:: ASSIGNMENT ::
Line by line, retype the material exactly and leave each picture out.

:: INFORMATION PROVIDED ::
● ● ●

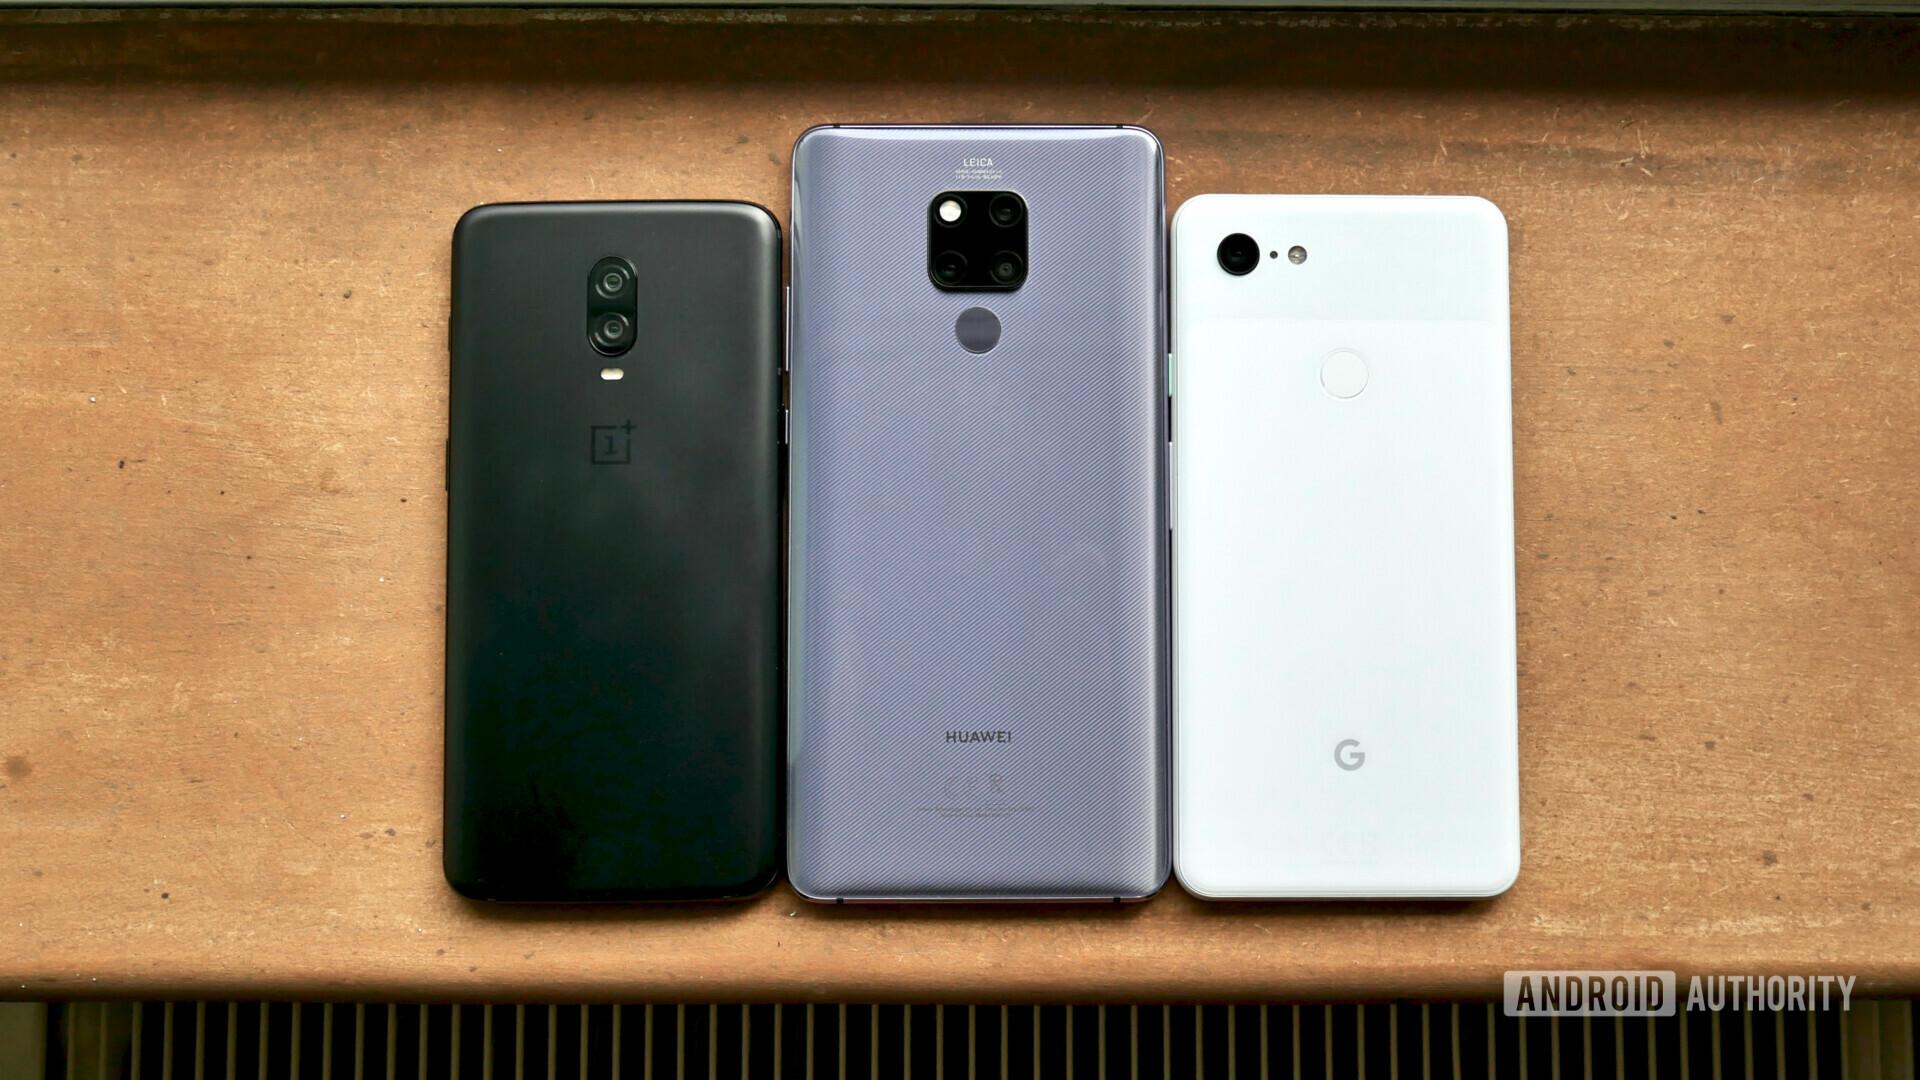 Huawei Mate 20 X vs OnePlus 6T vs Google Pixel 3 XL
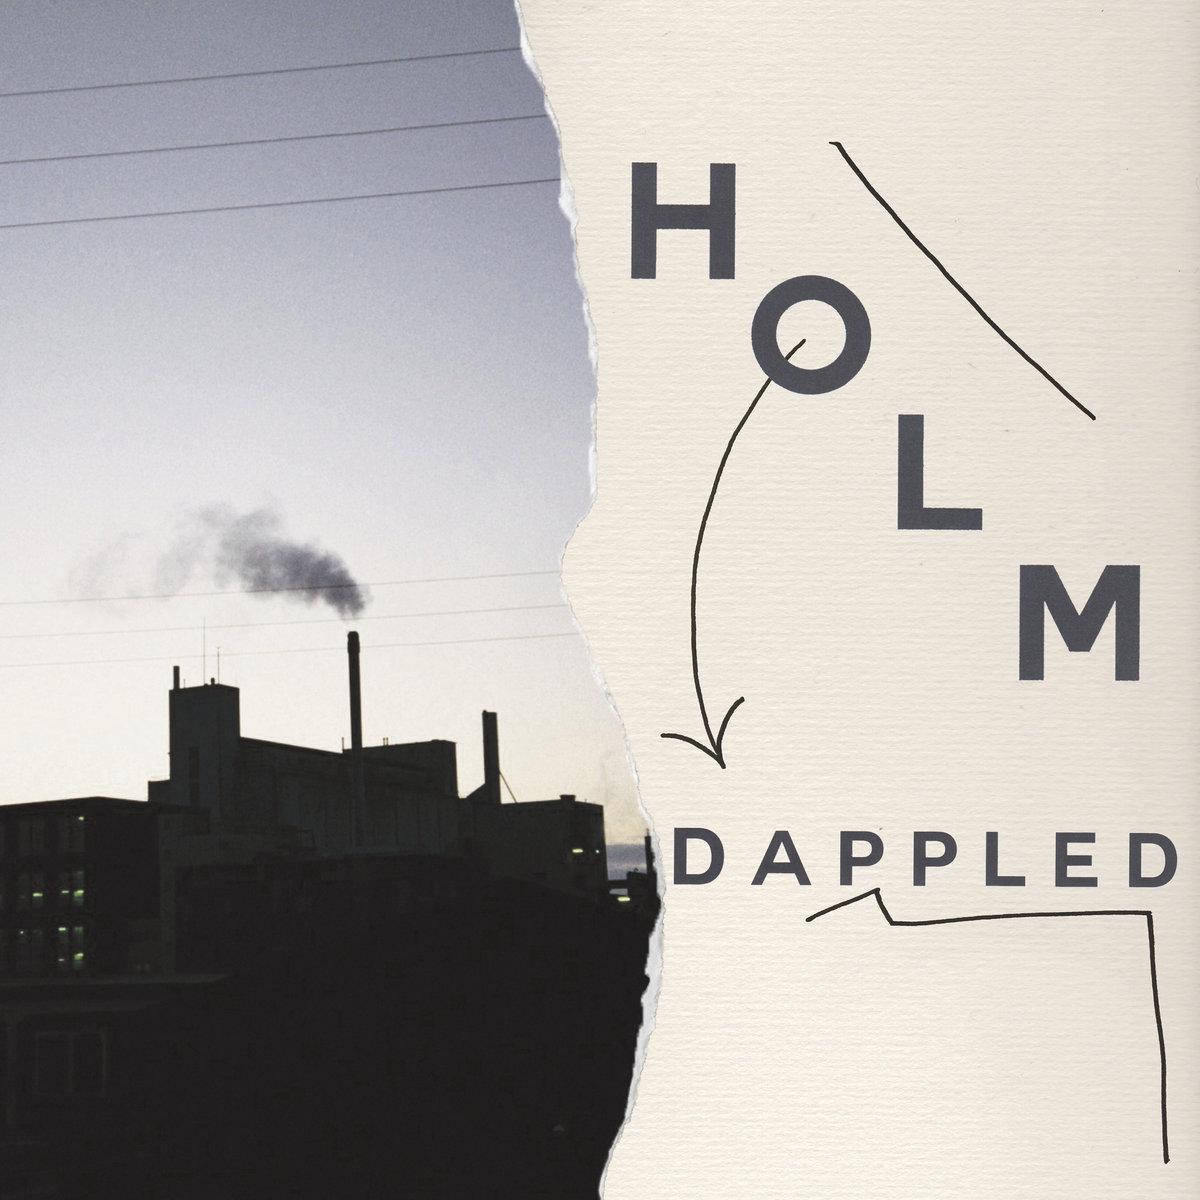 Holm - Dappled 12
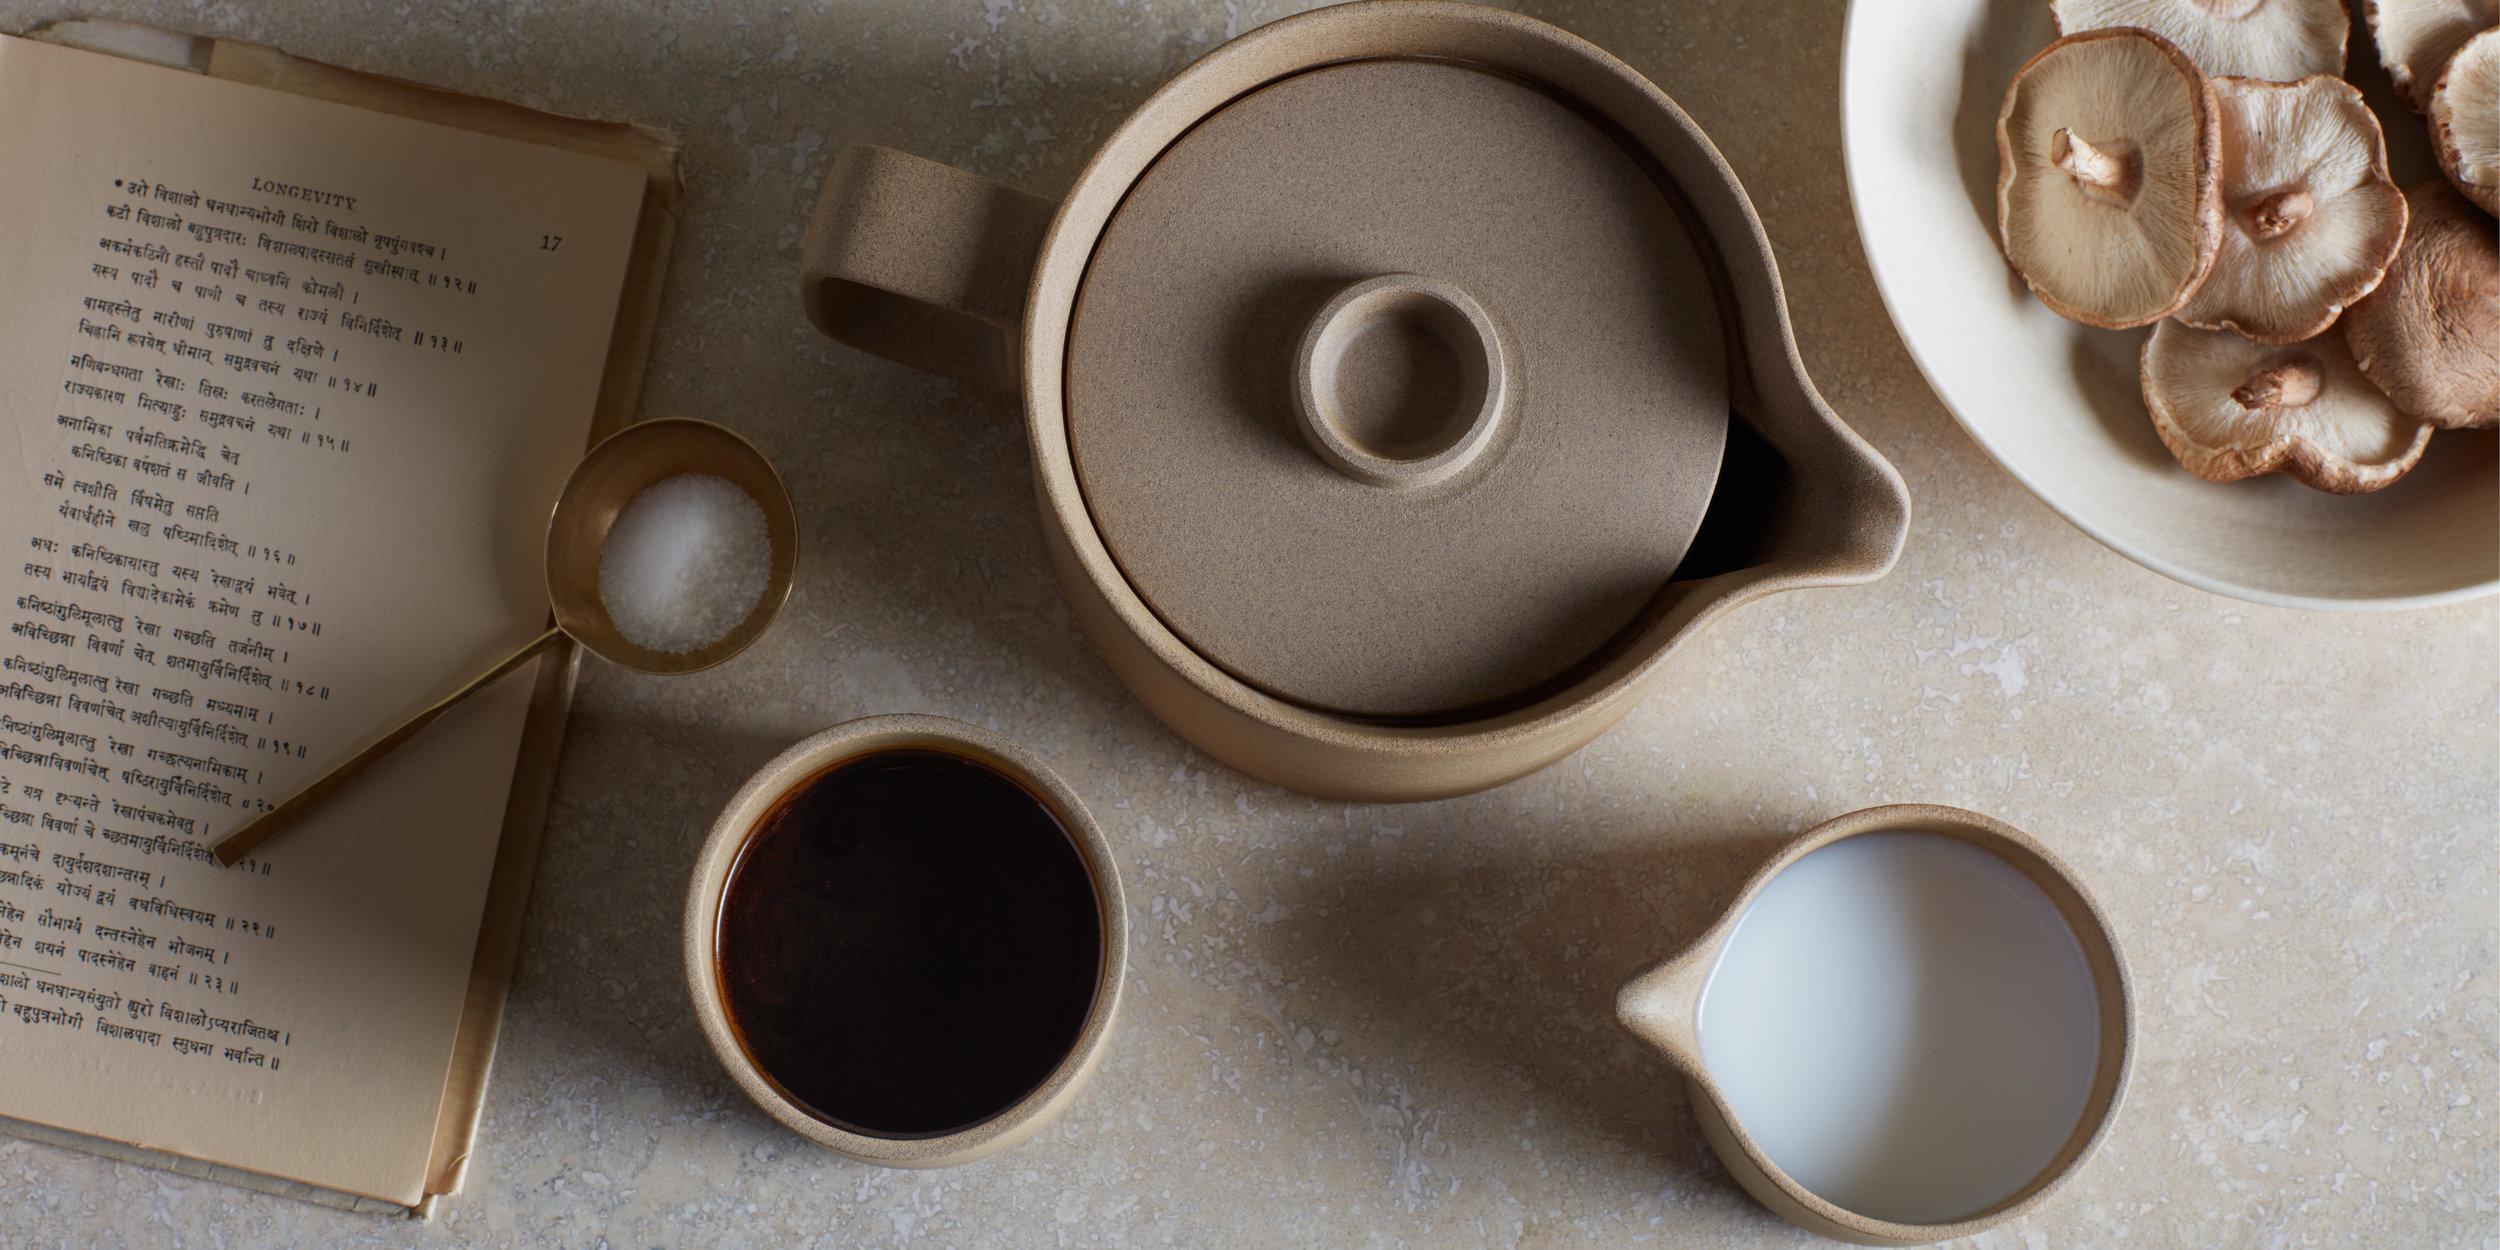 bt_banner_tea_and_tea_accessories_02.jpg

● ● ●

:: RESPONSE ::
 Huawei Mate 20 X vs OnePlus 6T vs Google Pixel 3 XL
 Holm - Dappled 12
 bt_banner_tea_and_tea_accessories_02.jpg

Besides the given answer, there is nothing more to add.